KH. Karim Hasyim (kanan) dan Kiai Sobari (kiri)

KH. Shobari merupakan santri Hadratussyaikh KH. M. Hasyim Asy’ari hingga kemudian mengajar di Pesantren Tebuireng dan dihormati para santri. Salah satu santri beliau adalah KH. Abdul Karim Hasyim.

Keduanya saling menghormati. Kiai Shobari menghormati Kiai Karim, karena Kiai Karim merupakan putra gurunya, sedangkan Kiai Karim menghormati Kiai Shobari, sebab beliau adalah gurunya.
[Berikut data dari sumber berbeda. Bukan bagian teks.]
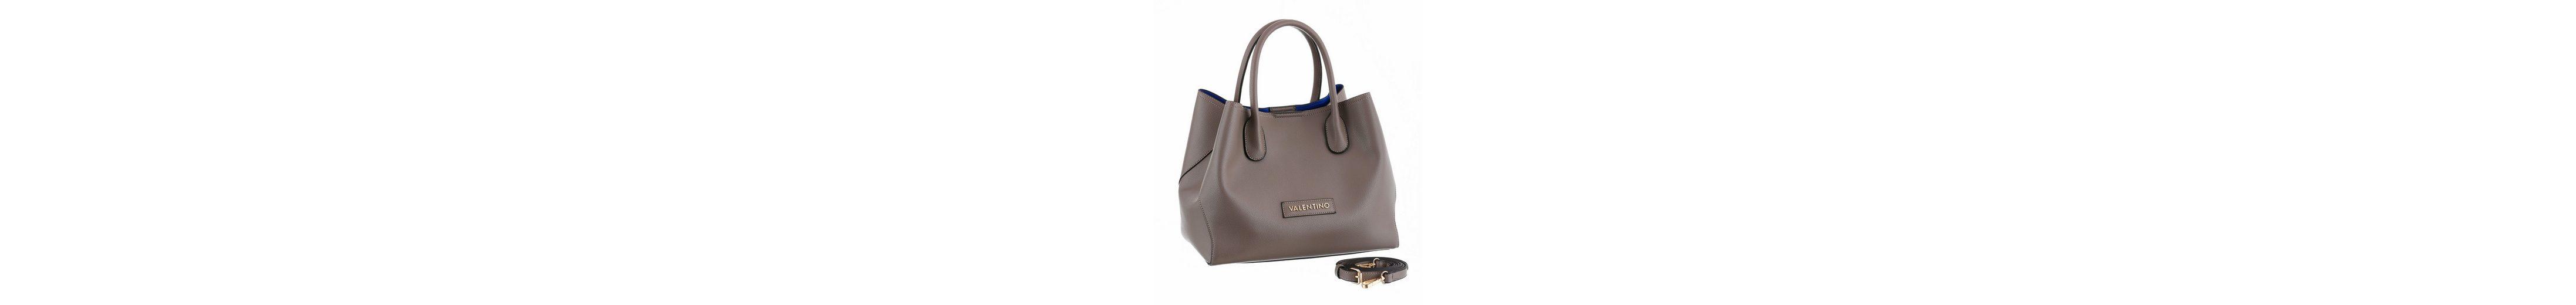 Valentino handbags Shopper mit variablem Volumen

Ketika bertemu, keduanya sering berebut sungkem atau cium tangan. Singkat kata, beliau berdua, berebut saling menghormati, bukan berebut dihormati.

Suatu ketika, Kiai Shobari sedang menaiki sepeda ontel. Kebetulan melewati dalem (kediaman) Kiai Karim. Untuk menghormati Kiai Karim, Kiai Shobari turun dari onthelnya dan menuntunnya sambil berjalan pelan tanda tawadhu’. Beliau merasa tidak sopan kalau merelewati rumah Kiai Karim kok malah naik sepeda.

Sepertinya, budaya seperti ini sudah mulai luntur di masyarakat, justru mempercepat laju sepeda, atau malah bleyer-bleyer (menarik gas bersamaan dengan kopling sehingga menimbulkan suara keras).

Saat itu, Kiai Karim sedang ngobrol santai dengan salah satu keponakan beliau, Gus Mahmad Baidlowi (putra KH. Baidlowi Asro dan Nyai Aisyah Hasyim).  Tidak sengaja pandangan Kiai Karim berpindah ke Kiai Shobari yang dengan pelan-pelan menuntun sepedanya.

Majalah TebuirengIklan Tebuireng Online

Spontan Kiai Karim menghampiri gurunya itu untuk berusaha membantu menuntunkan sepedanya. Kiai Karim merasa tidak sopan membiarkan gurunya menuntun sepeda seorang diri, apalagi turun dari sepeda karena takut tidak sopan kepadanya.

Namun, Kiai Shobari menolak dan bersikeras ingin tetap menuntun sepedanya. Sementara itu, Kiai Karim juga bersikukuh agar Kiai Shobari menaiki sepedanya saja, tidak usah dituntun atau Kiai Karim yang menuntunkannya. Tapi, Kiai Shobari tetap tidak mau dan malah berkata dengan sopan, “Biarkan saya yang nuntunj sendiri, Gus”.

Keteladanan dua kiai Tebuireng itu mengajarkan kepada kita tentang ketawaduan murid kepada guru. Dalam tradisi pesantren, ketawadhuan murid (santri) tidak hanya ditujukan kepada guru (kiai) saja, melainkan juga kepada putra-putri dan dzuriyahnya. Hal itu yang ditunjukkan Kiai Shobari. Kiai Karim juga demikian.

Kiai Karim juga menghormati gurunya, walau beliau adalah putra tokoh ulama besar, putra dari gurunya Kiai Shobari, tapi beliau tidak mau menggunakan kebesaran ayahnya untuk berebut dihormati, justru berebut menghormati.

Keteladanan semacam ini, agaknya sekarang ini kurang diminati, atau bahkan sudah mulai luntur. Ada santri menghujat kiainya, ada murid menuntut gurunya, ada guru menghajar muridnya. Itu masih belum berbicara soal etika sederhana sehari-hari, seperti sungkem, sowan, berkata sopan, unggah-unggu, dan lain sebagainya. Malah ada santri yang secara terbuka mengajak debat kiainya dan mempertanyakan keilmuannya, sebaliknya ada pula kiai yang berbuat senonoh kepada santrinya. Permasalahan moral dan akhlak umat dan bangsa ini semakin menjadi-jadi. Wallahu a’lam.


*Disarikan dari buku “Kiai Sastrawan Yang Tak Dikenal, Biografi KH. Abdul Karim Hasyim” karya Muhammad Subkhi dan Ahmad Sholikhin, diterbitkan Pustaka Tebuireng tahun 2011.